*** Opening Material provided ***

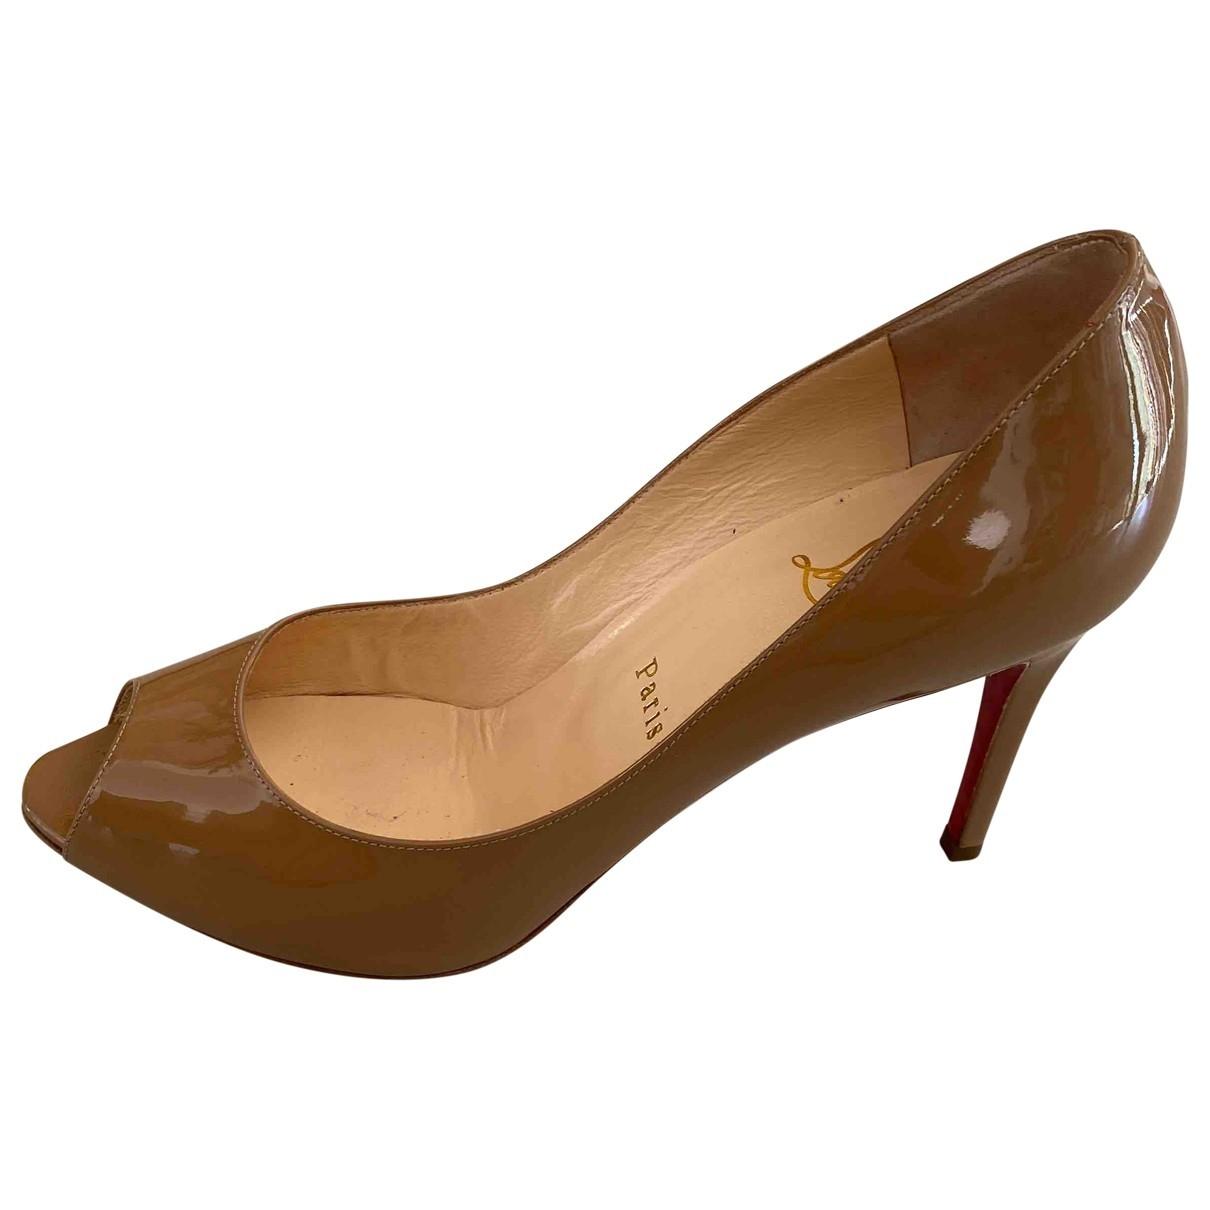 Christian Louboutin \N Beige Patent leather Heels for Women 39.5 EU
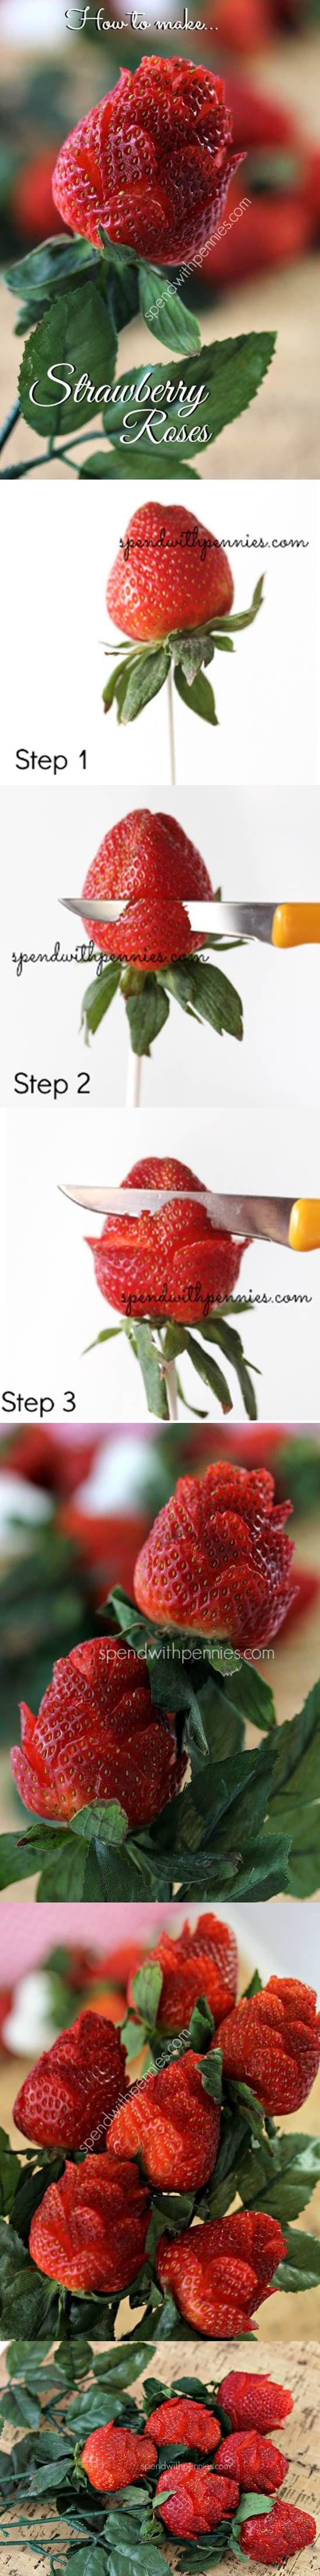 DIY Beautiful Strawberry Roses | iCreativeIdeas.com Like Us on Facebook ==> https://www.facebook.com/icreativeideas
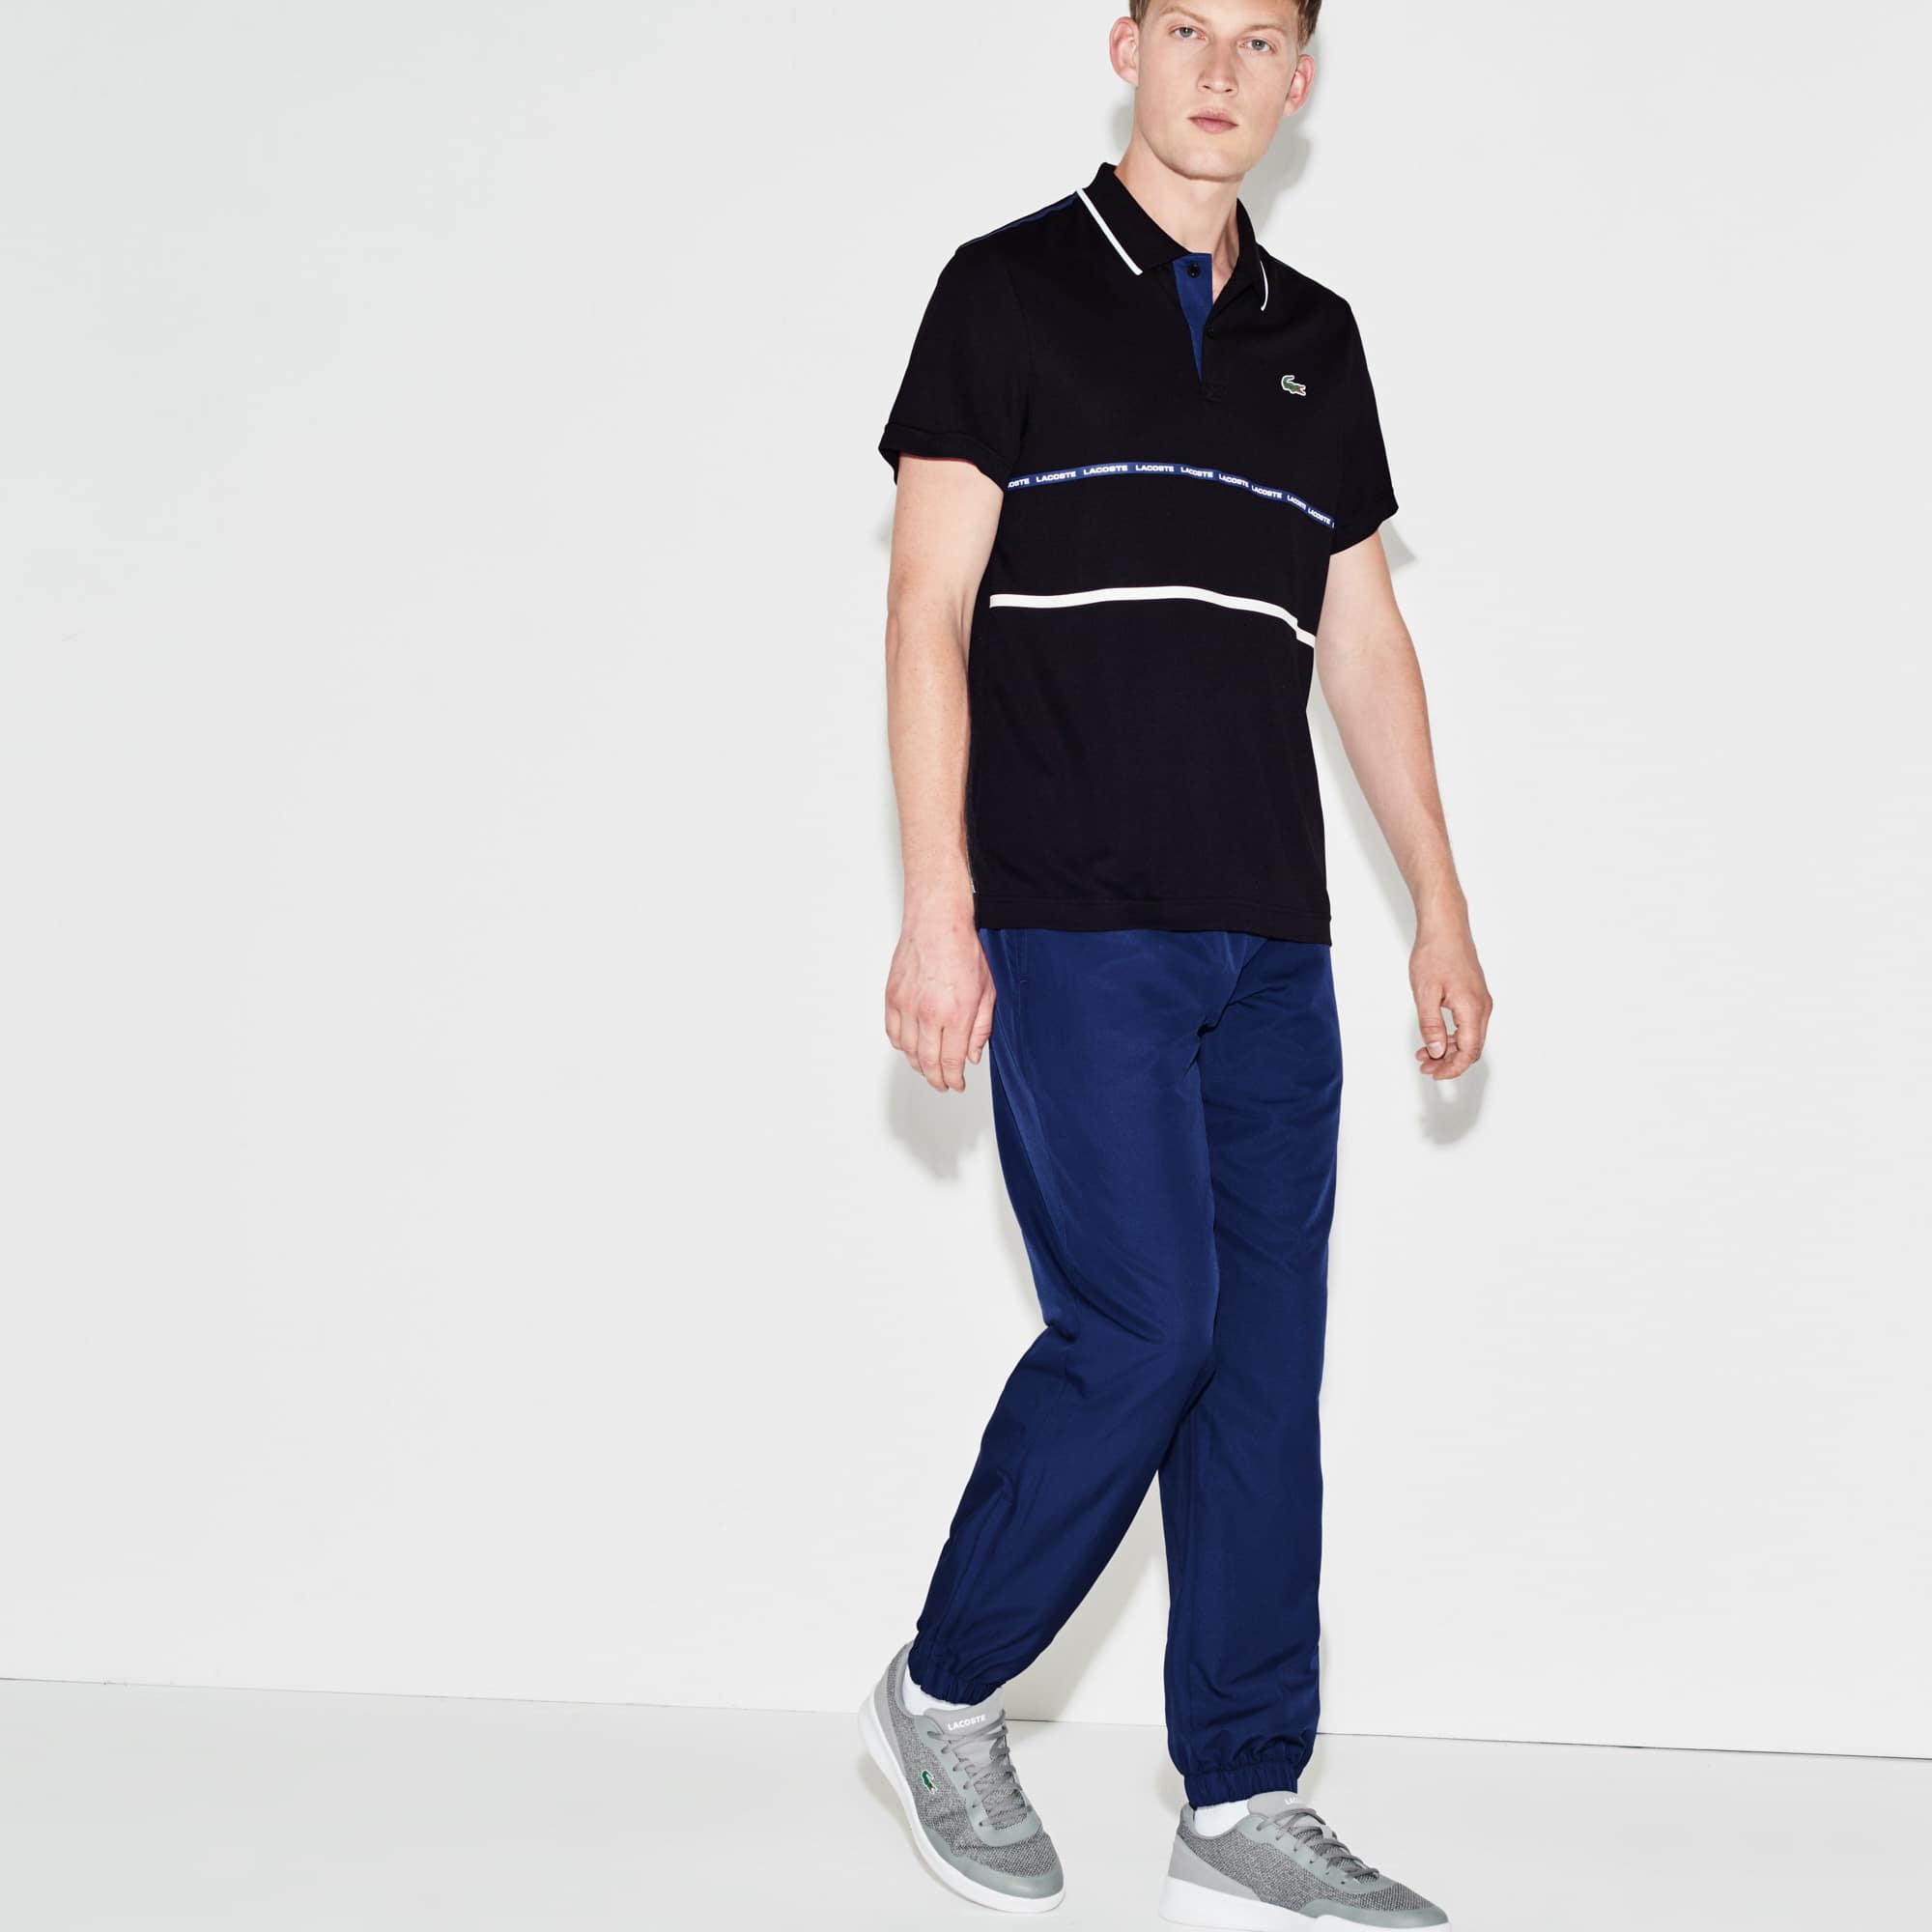 Pantaloni da ginnastica Lacoste SPORT in taffettà tessuto a losanghe in tinta unita
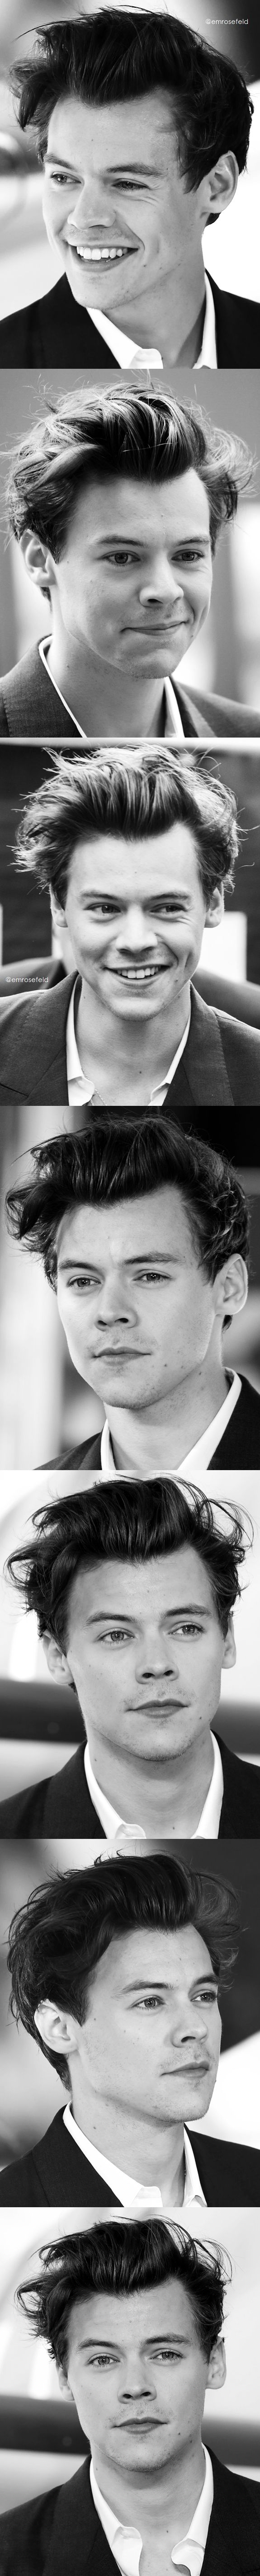 Harry Styles | Dunkirk world premiere 7.13.17 | emrosefeld |

*** Closing Material provided ***

When copying the data above, repeat every word exactly and drop the pictures.

 Christian Louboutin \N Beige Patent leather Heels for Women 39.5 EU
 DIY Beautiful Strawberry Roses | iCreativeIdeas.com Like Us on Facebook ==> https://www.facebook.com/icreativeideas
 Pantaloni da ginnastica Lacoste SPORT in taffettà tessuto a losanghe in tinta unita
 Harry Styles | Dunkirk world premiere 7.13.17 | emrosefeld |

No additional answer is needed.